Print the listing exactly as it stands. Skip every picture.

▶ [Information provided]:
***
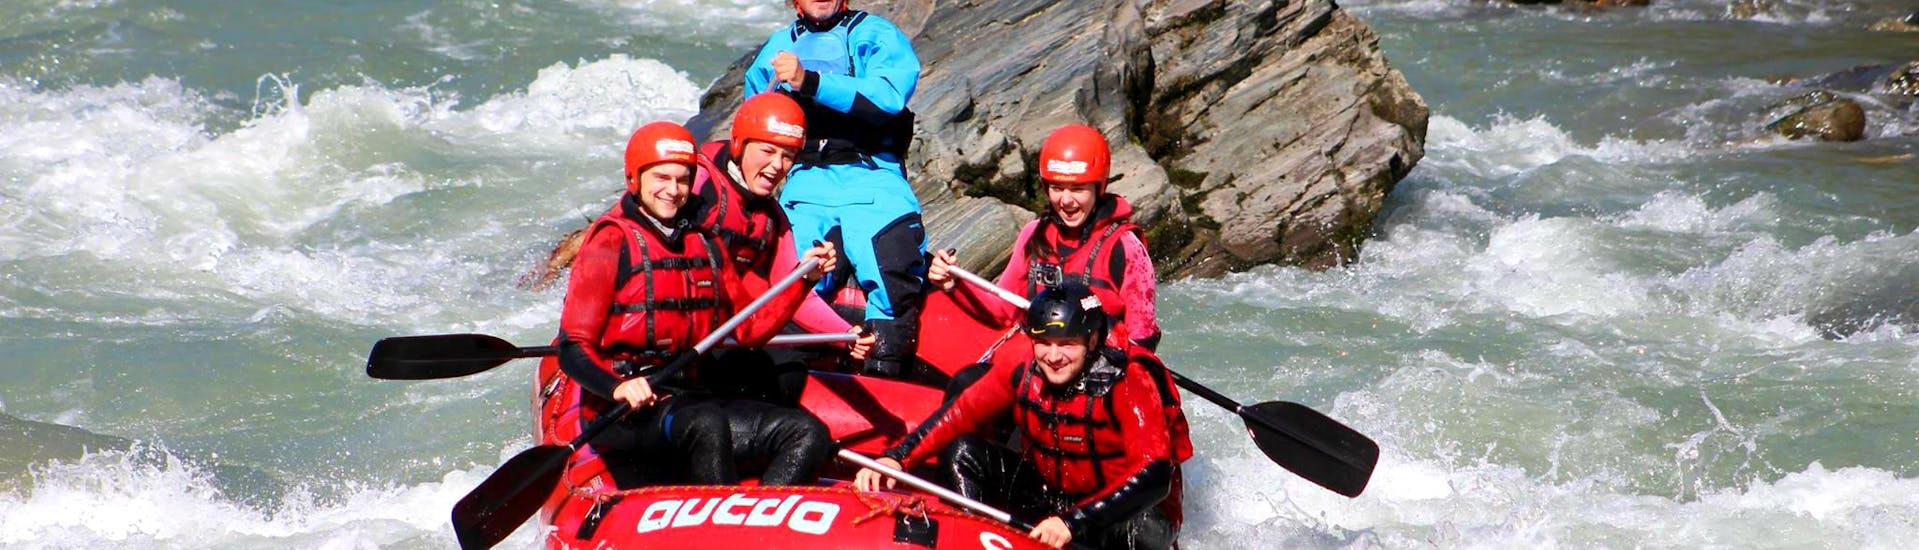 Een raftinggroep die samen met een ervaren gids van Outdo Zell am See Rating & Canyoning de golven en stroomversnellingen van de rivier de Salzach bedwingt tijdens hun Rafting Tour "Wild Water".
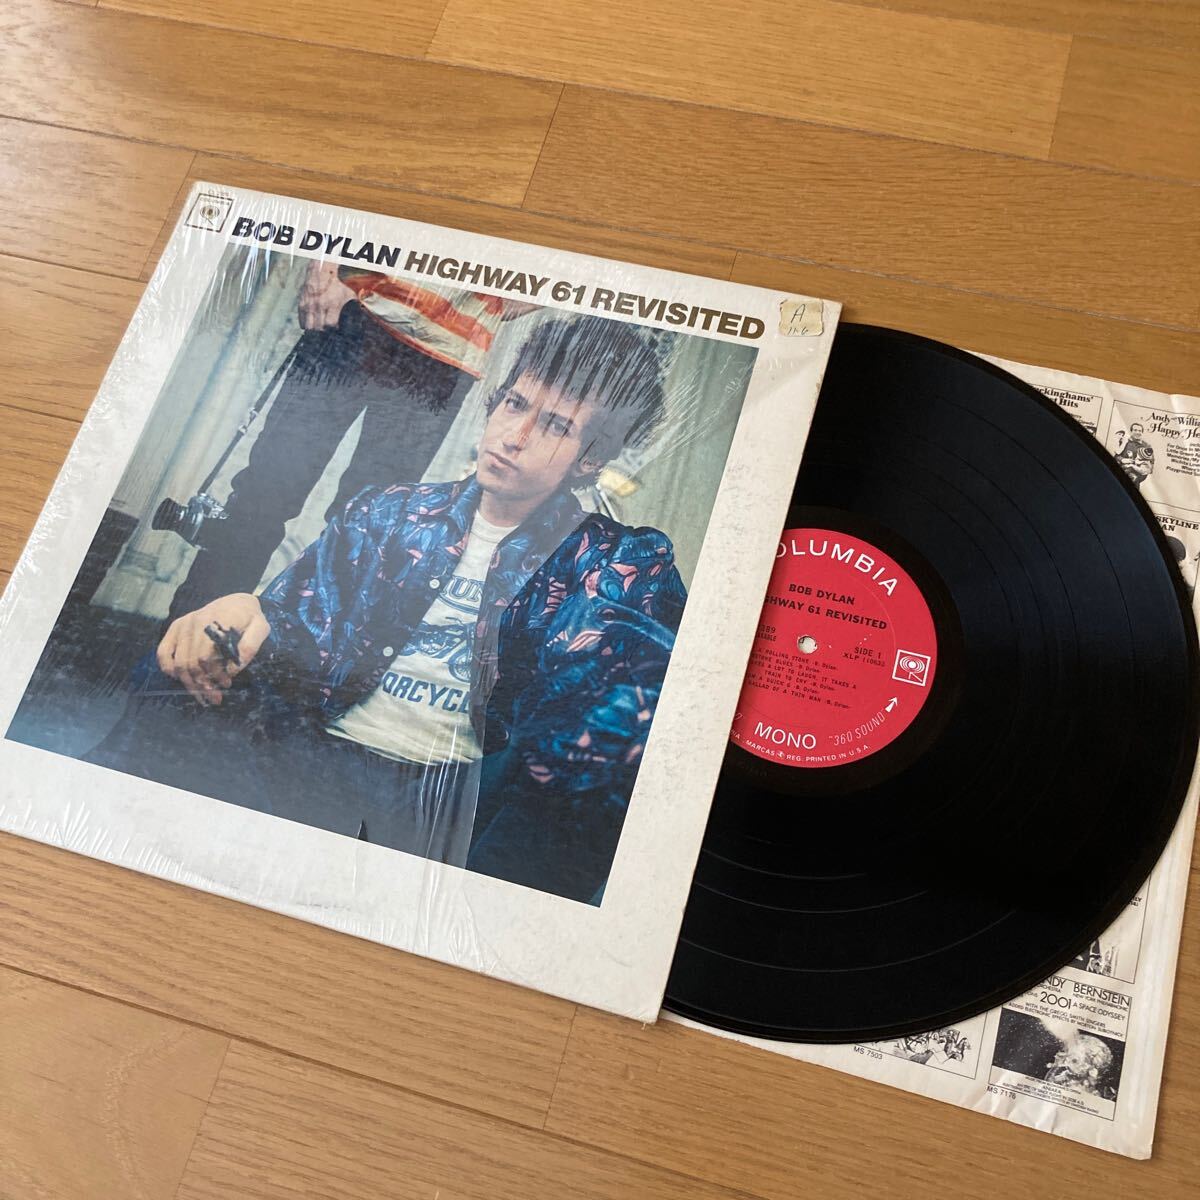 Bob Dylan 追憶のハイウェイ61 米国オリジナルモノラル盤 Highway 61 Revisited  ボブディラン 両マト1Aの画像1
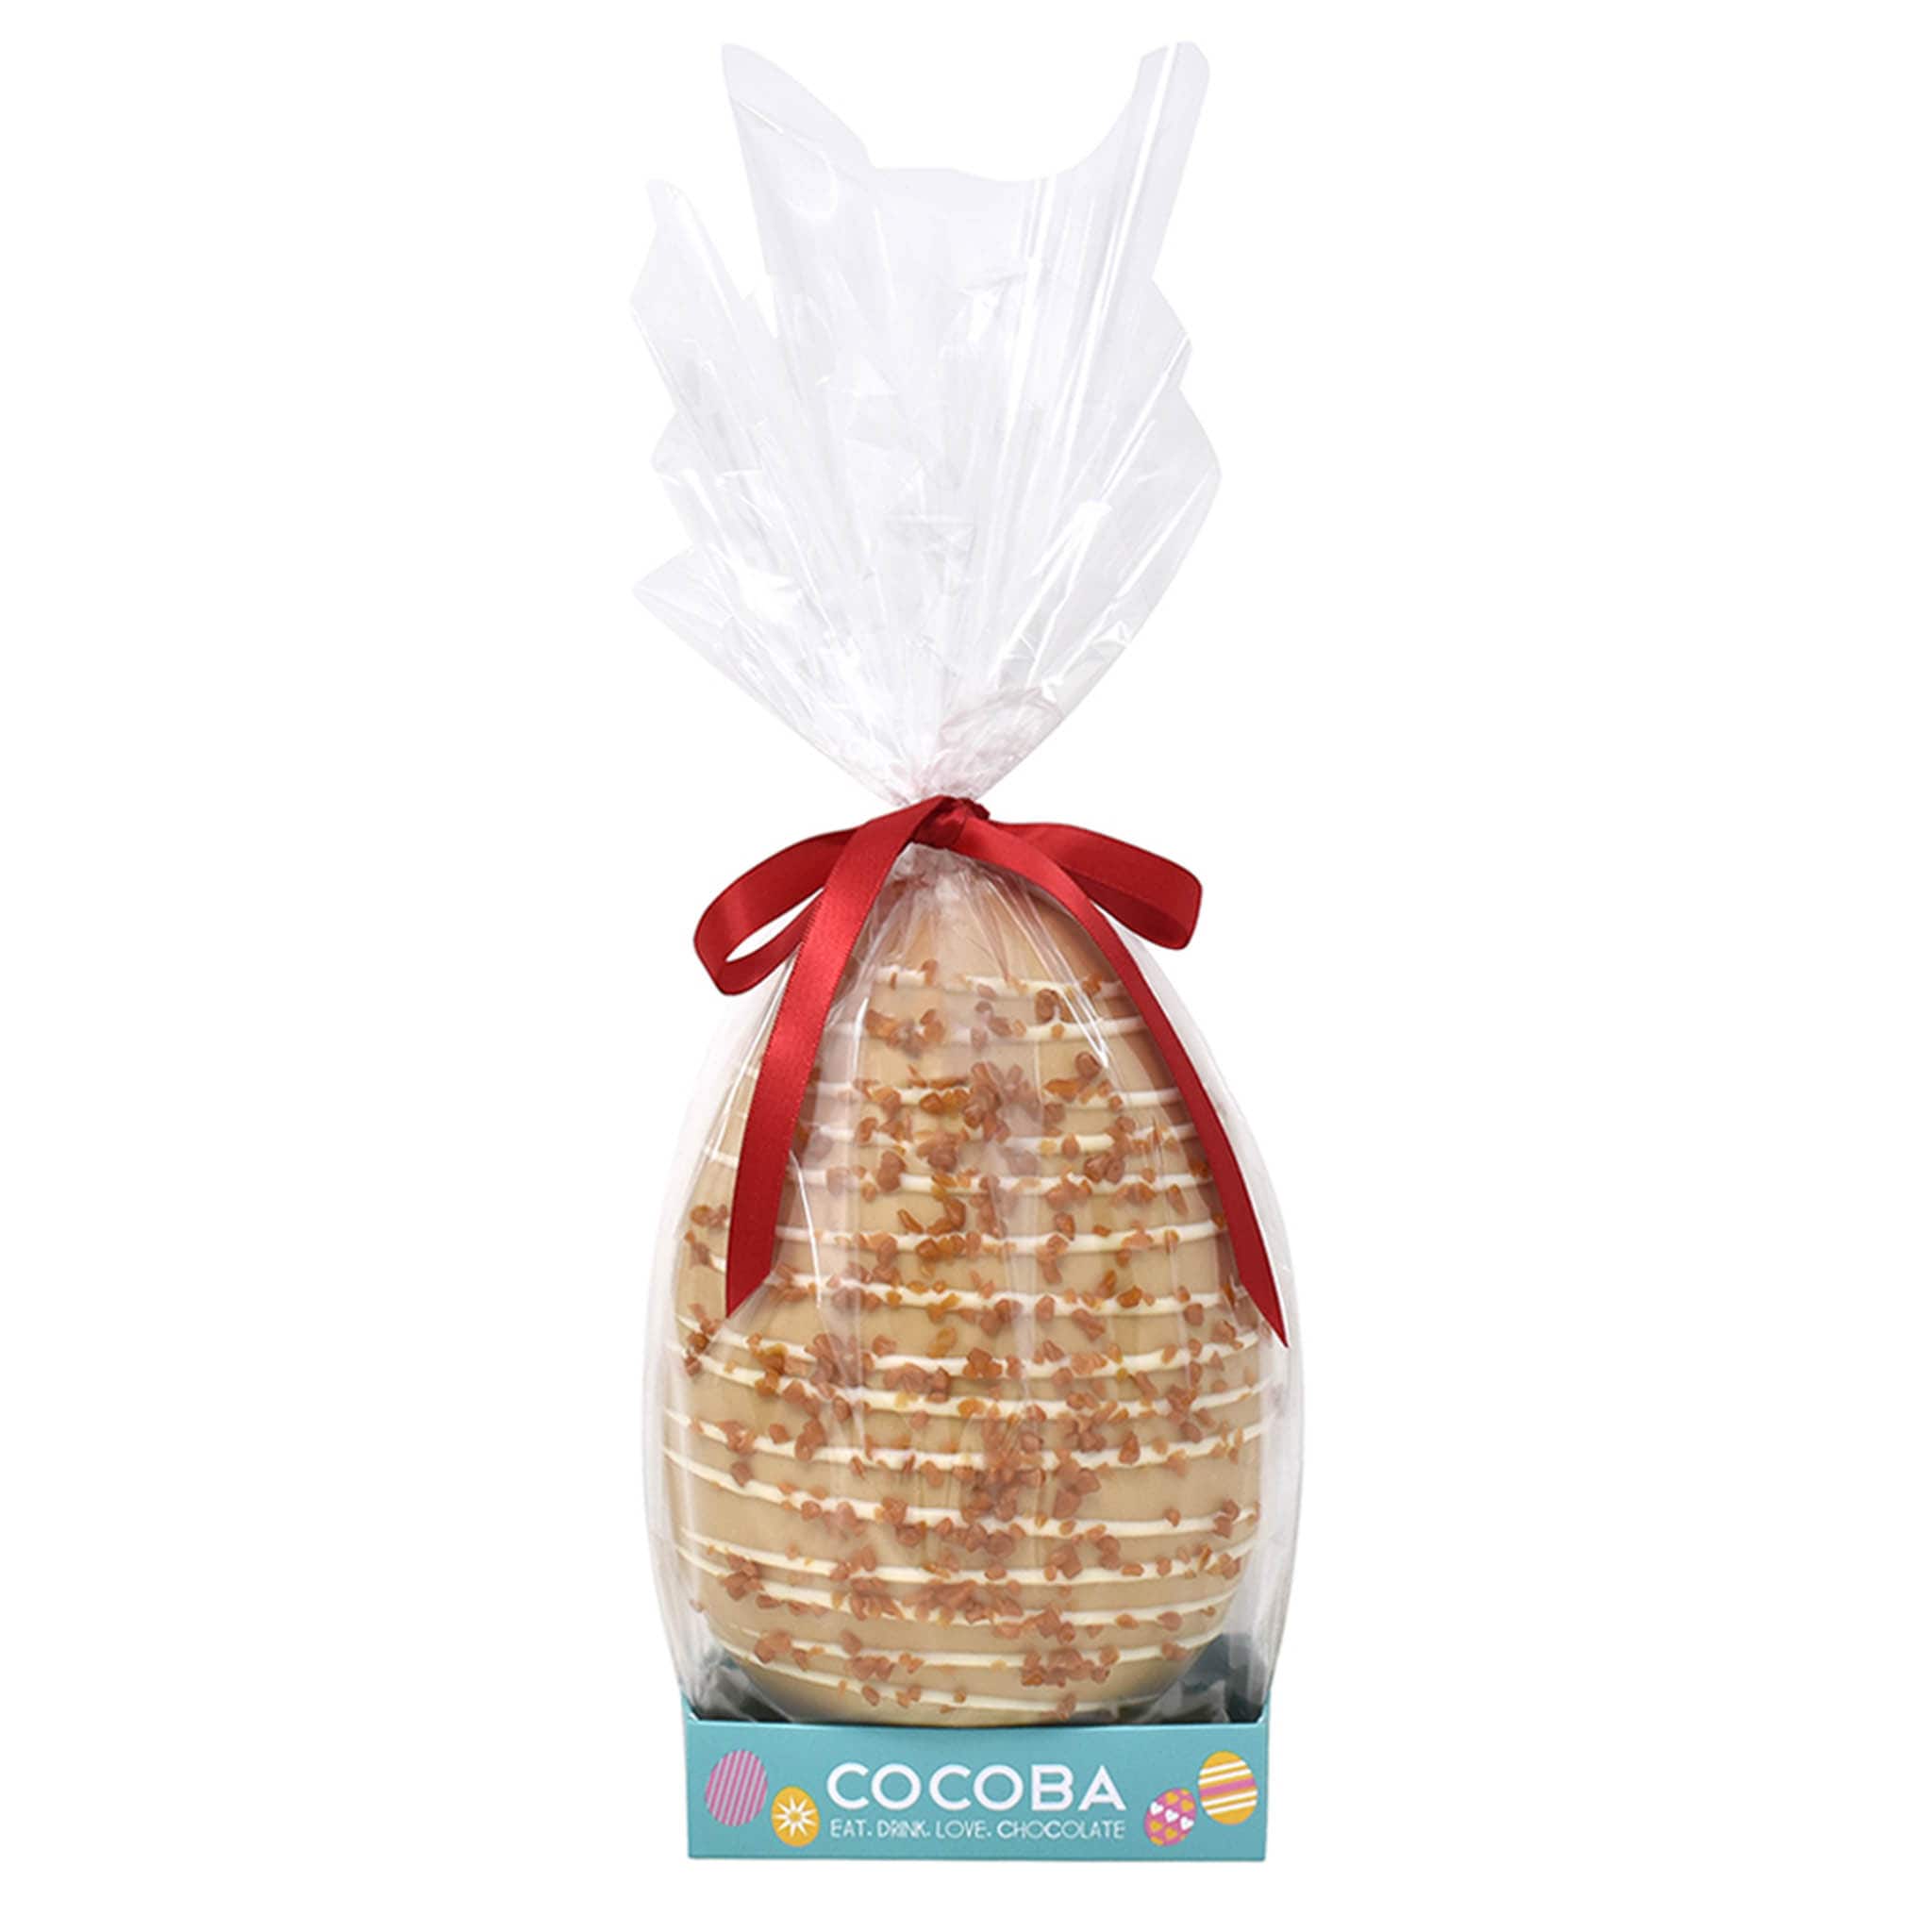 Cocoba Caramel Easter Egg, 250g
***
▶ [Response below]:
 Een raftinggroep die samen met een ervaren gids van Outdo Zell am See Rating & Canyoning de golven en stroomversnellingen van de rivier de Salzach bedwingt tijdens hun Rafting Tour "Wild Water".
 Bob Dylan 追憶のハイウェイ61 米国オリジナルモノラル盤 Highway 61 Revisited  ボブディラン 両マト1Aの画像1
 Cocoba Caramel Easter Egg, 250g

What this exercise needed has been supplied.